Altogether, these three perspectives attest to the relevance of Kjaer’s proposed theoretical framework. However, it also has some limits to transcend. A first challenge that needs to be taken into consideration is the ecological dominance of one or several spheres, impacting – strategically or not – the internal functioning of other spheres. In such circumstances, the stabilizing function of intermediary institutions is not achieved. The second challenge concerns the external compatibility between societal spheres. Gert Verschraegen (Chapter 6) shows how standardized indicators (such as the European Union Labour Force Survey (EU LFS)) are taken into account in the design of European social policies. The aim is to allow comparisons between national systems in order to build ‘governable’ policies (p. 118). While not denying the useful aspects of such ‘governance by numbers’, Verschraegen warns against simplification and decontextualization that can ‘lead to a forced commensurability of the incommensurables’ (p. 119). These two limits will certainly have to be treated in the future development of the theoretical framework. Further research should aim at refining the dual function of intermediary institutions. This suggestion is based on the sociological approach recommended on several occasions throughout the contributions, such as the adoption of a bottom-up perspective to explore the nature of governance (Thompson p. 177).

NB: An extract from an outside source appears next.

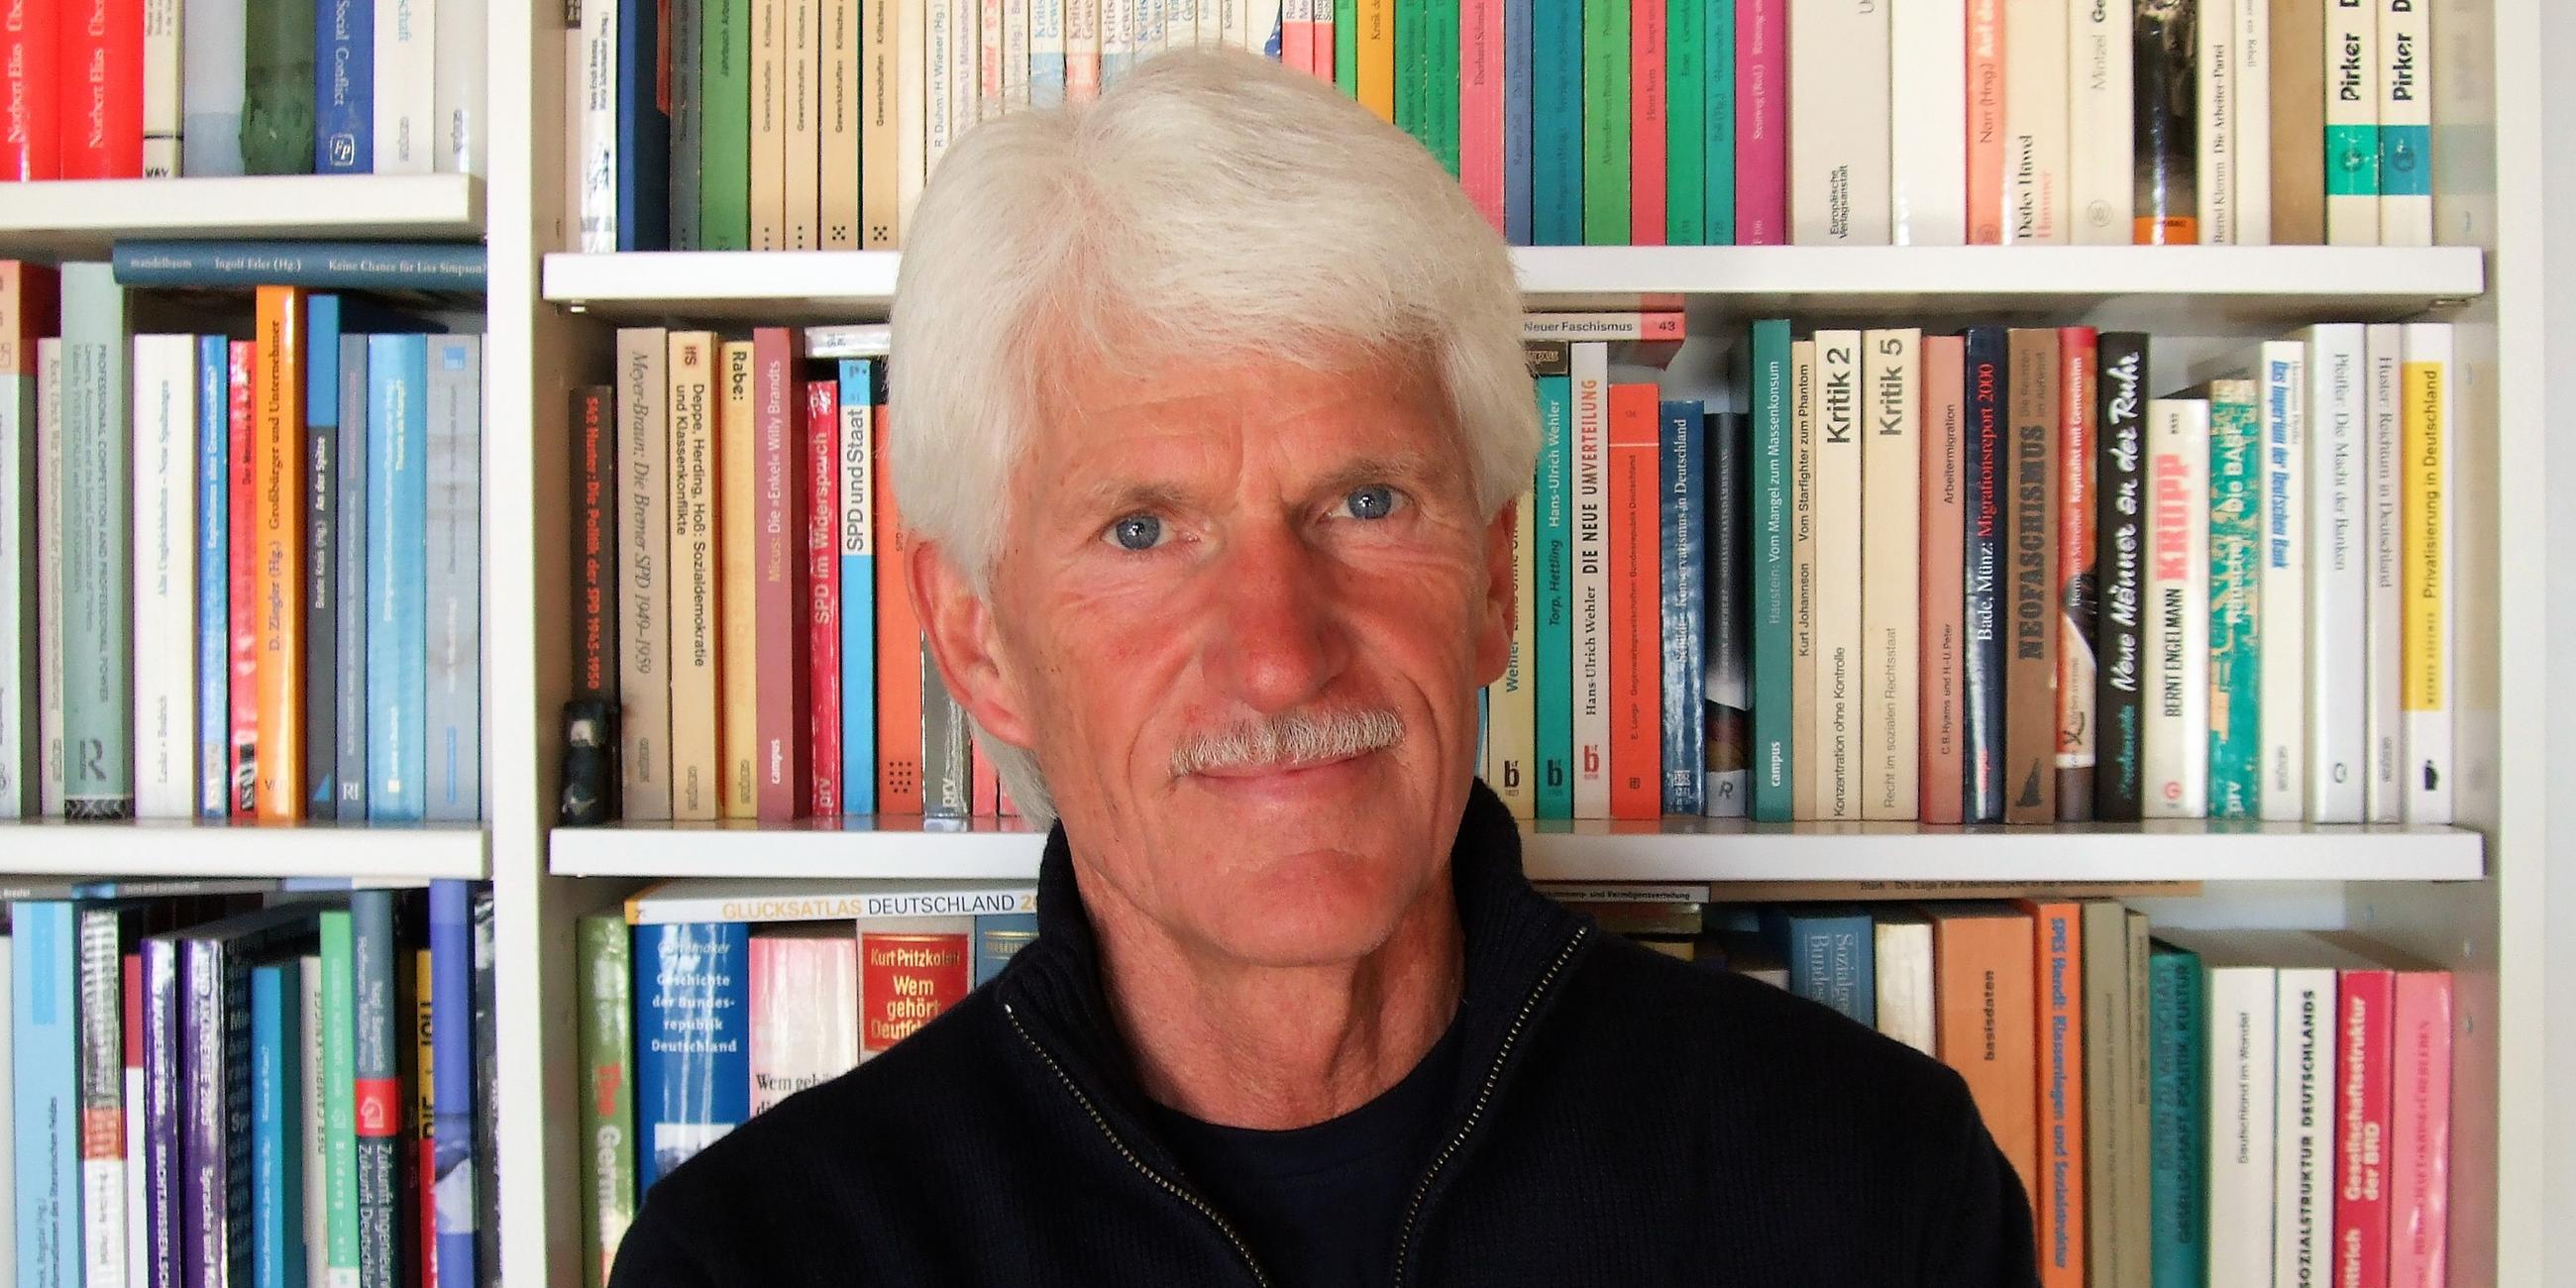 Der Soziologe Michael Hartmann vor einem Bücherregal.

To conclude, one should emphasize the richness of this book in terms of proposals. It succeeds in embedding governance in the continuity of corporatism and neo-corporatism, and provides analytical tools to comprehend it as an independent social phenomenon. Social scientists working on governance will therefore find food for thought in this book. It can also be used by those who work in a more policy-oriented way because it tends to reduce the vagueness sometimes associated with governance. Moreover, the authors’ ability to keep in line with the definition of intermediary institutions provided at the beginning is worth emphasizing. Gathering contributions based on such an abstract framework is a gamble. This book definitely pulls it off, with each chapter successful in clarifying in its own way the definition of intermediary institutions, in identifying some of their limits, and in setting a future research agenda. As this project is still ongoing, 2 we look forward to future outputs.